▶ _Instructions for the task_: Your output should be the lines from the one containing "rena kärlek baner" through the last line below, both ends included, exactly as written and free of pictures.

▶ _Given material_:
--------------------------------
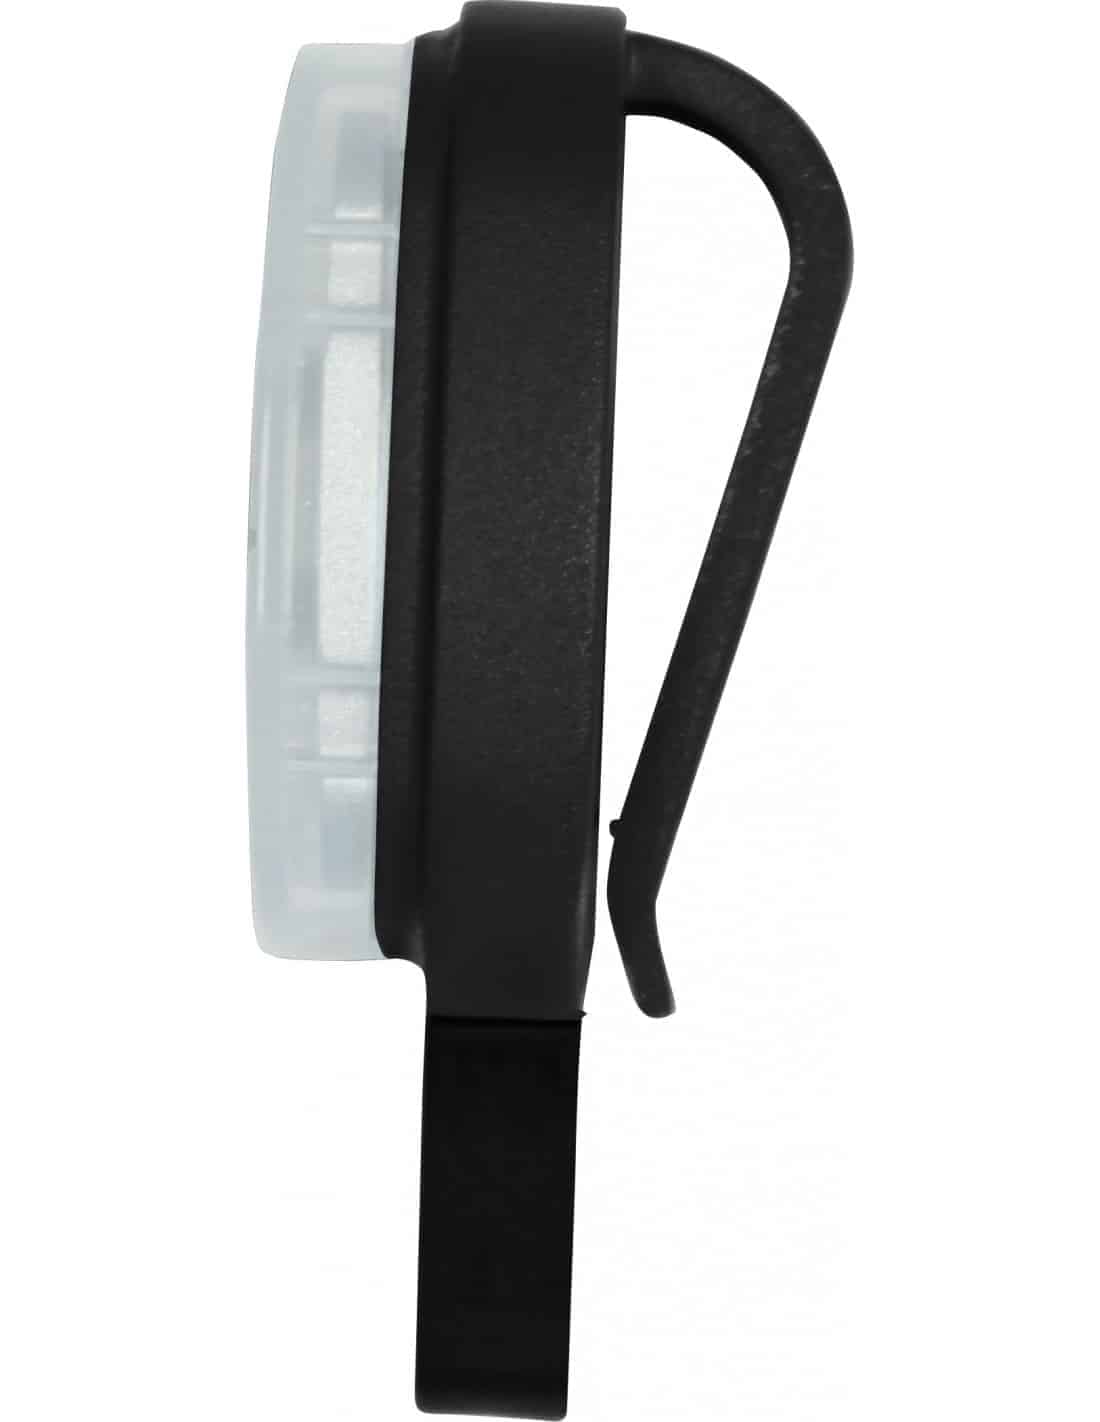 Lampe frontale rechargeable USB noir portwest
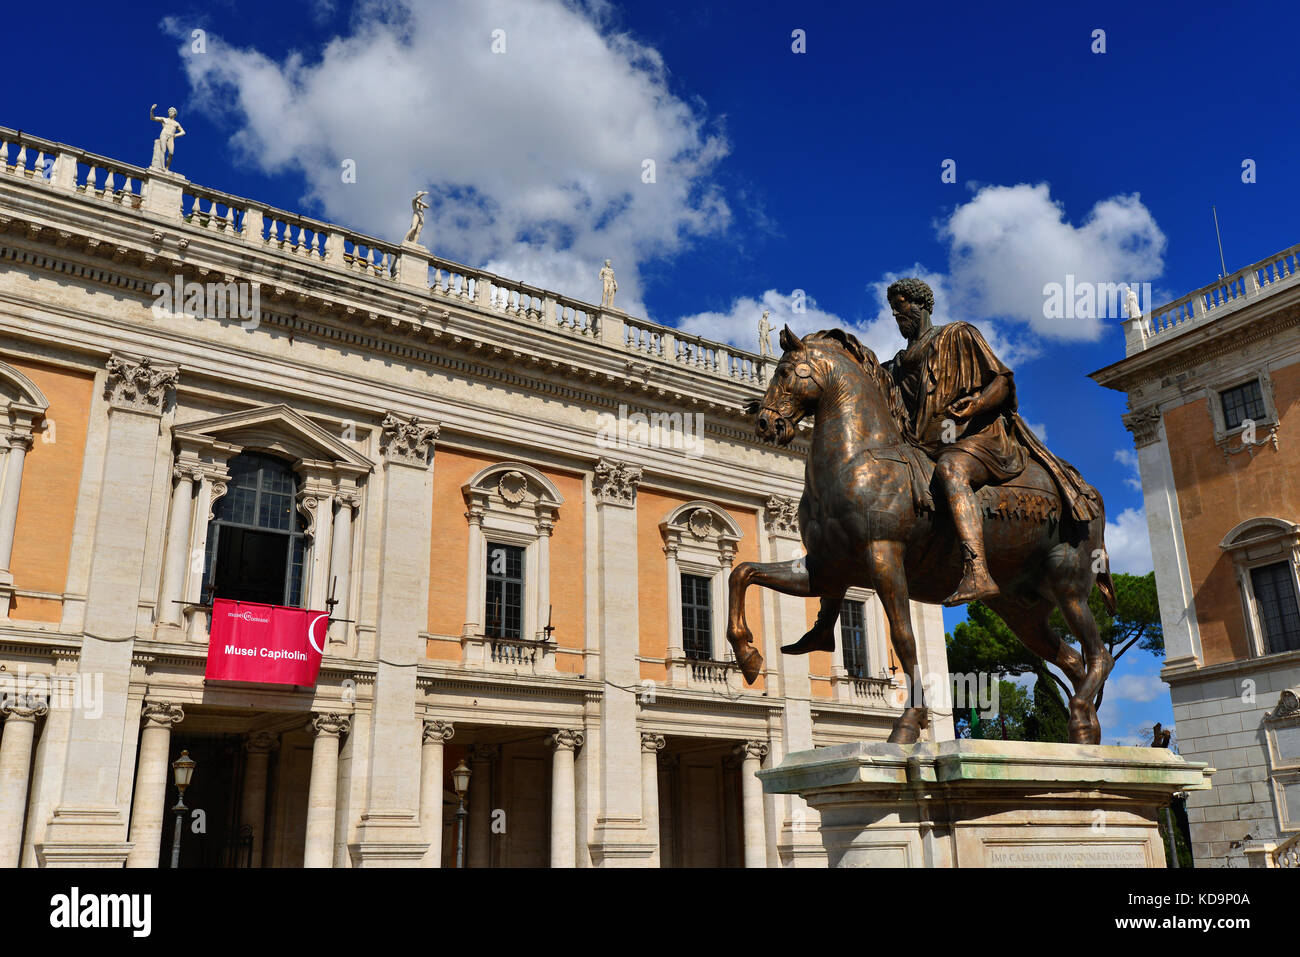 Musei Capitolini nel centro di Roma, il più antico museo pubblico in tutto il mondo, con la statua equestre di imperatore romano Marco Aurelio Foto Stock
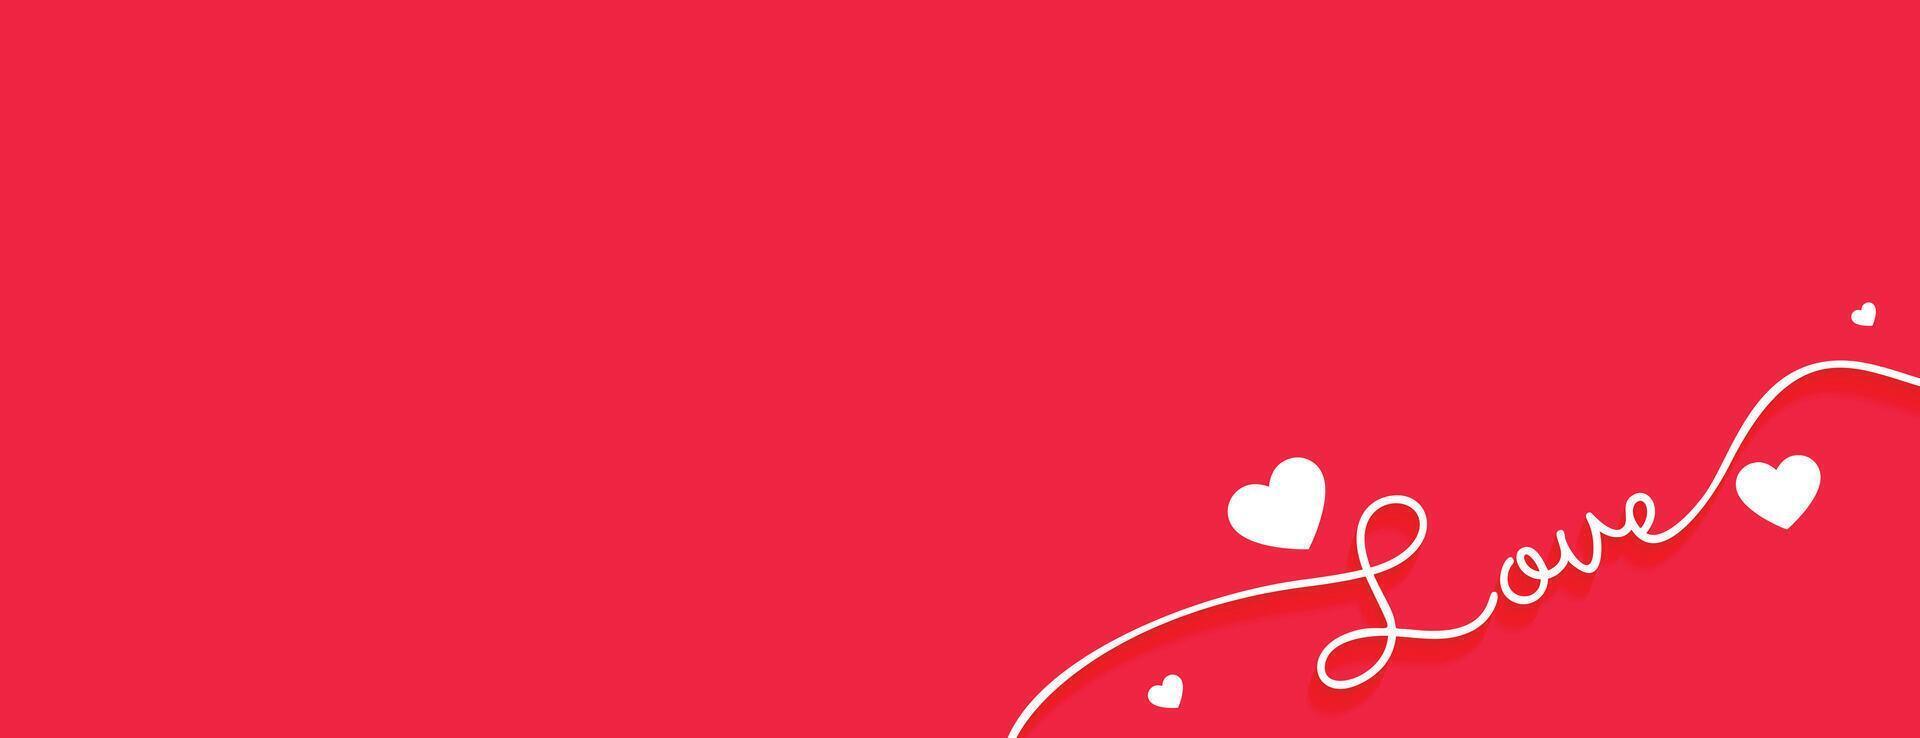 rena kärlek baner för valentines dag design vektor
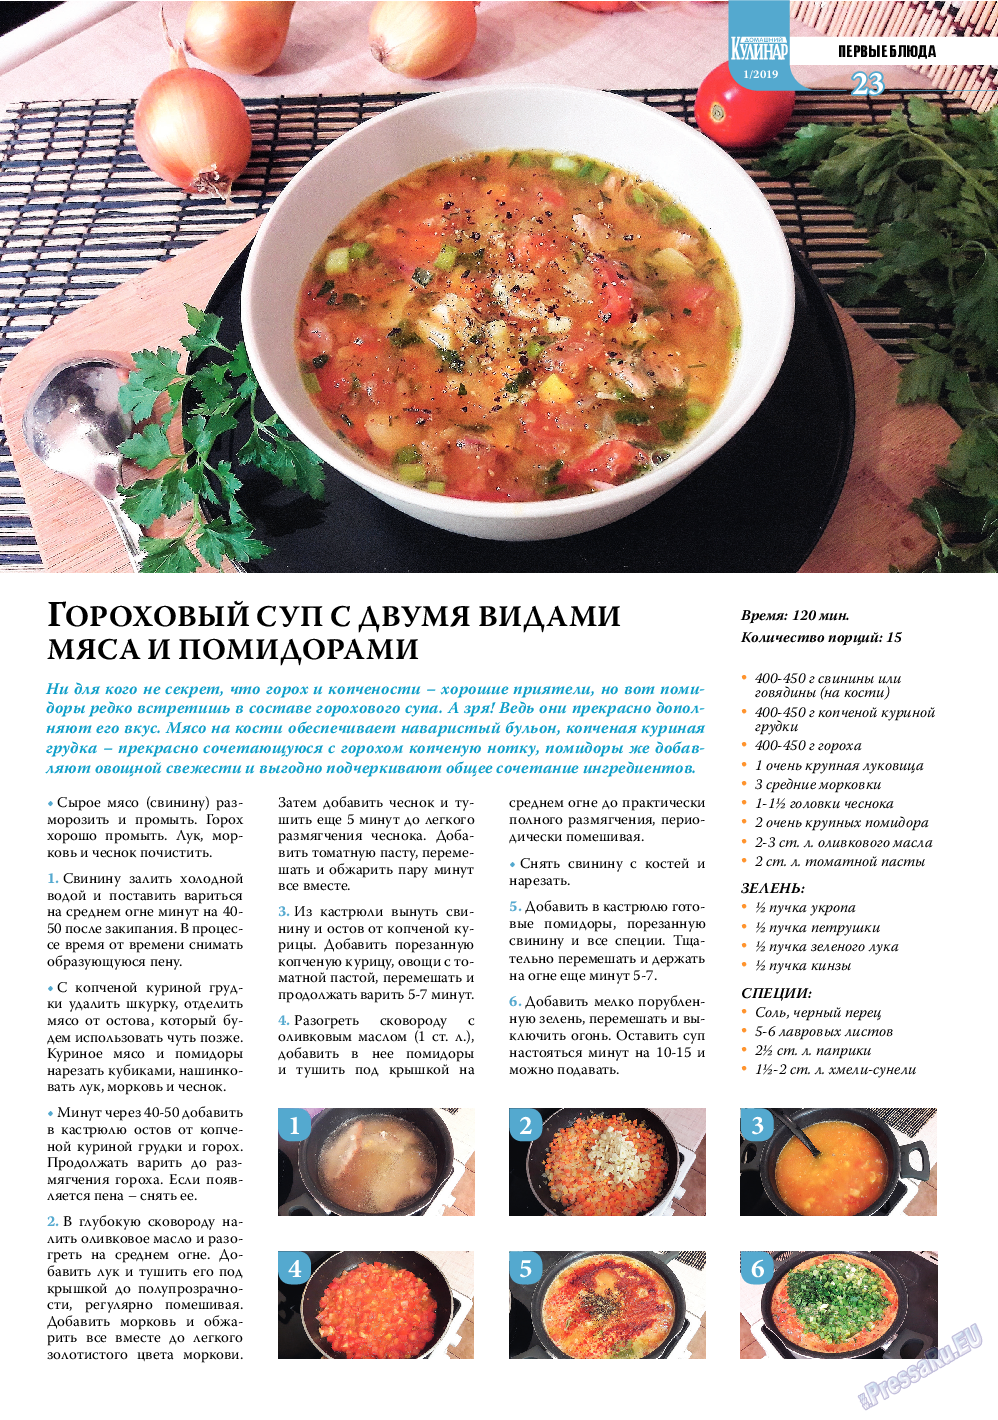 Домашний кулинар, журнал. 2019 №1 стр.23
--------------------------------
▶ _Your response_:
 rena kärlek baner för valentines dag design vektor
 Домашний кулинар, журнал. 2019 №1 стр.23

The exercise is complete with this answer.